● **Dataset excerpt**:
# # # # # # #

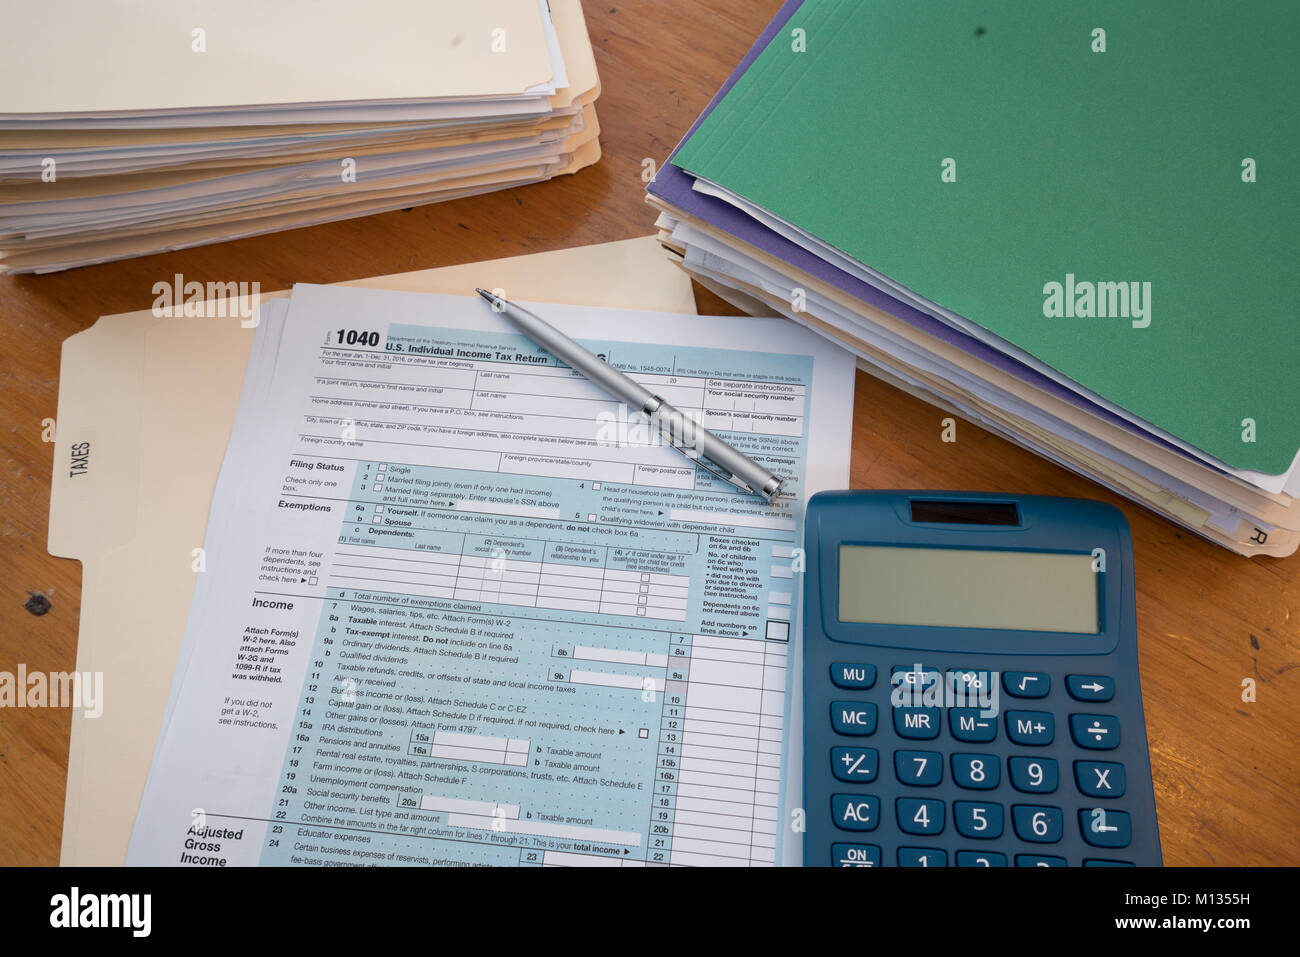 IRS Tax Form with tax records in Folders, Calculator and Pen Stock Photo
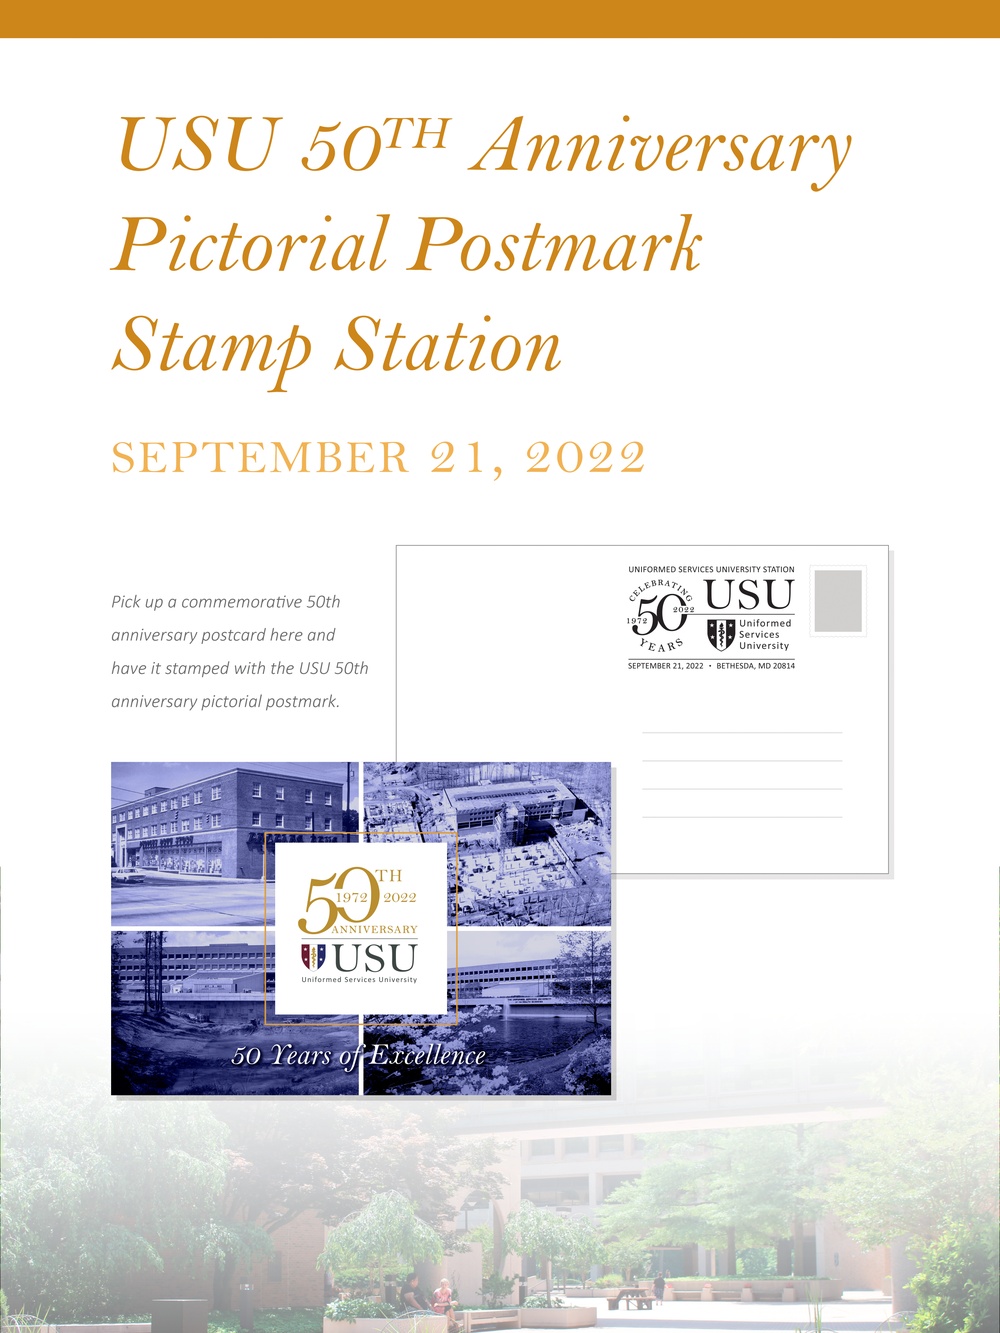 USU 50th Anniversary Pictorial Postmark Poster
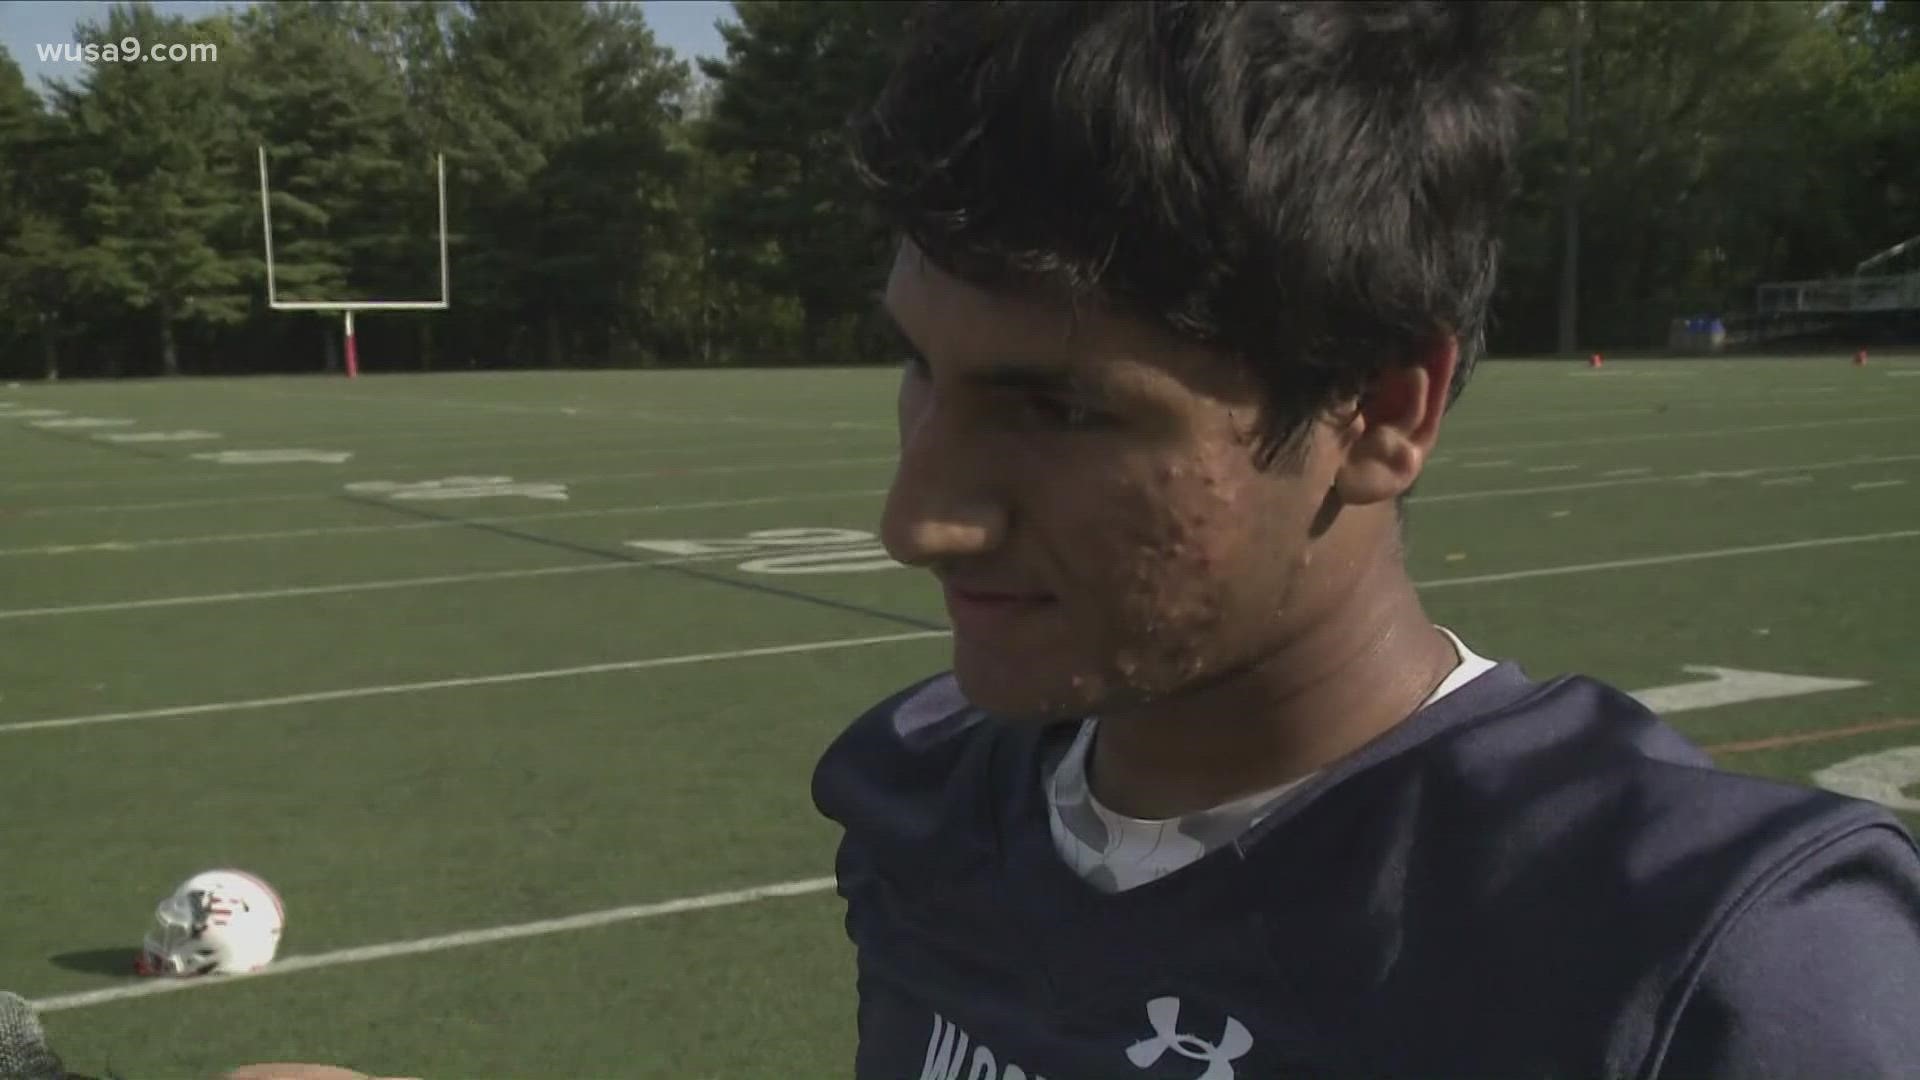 WUSA9 chats with Wootton High School's quarterback ahead of the Game of the Week in Montgomery County.

# # # # # # #

● **Your task**: Please repeat everything in the data above except the pictures, exactly as it reads.

● **Exercise answer**:
 IRS Tax Form with tax records in Folders, Calculator and Pen Stock Photo
 USU 50th Anniversary Pictorial Postmark Poster
 WUSA9 chats with Wootton High School's quarterback ahead of the Game of the Week in Montgomery County.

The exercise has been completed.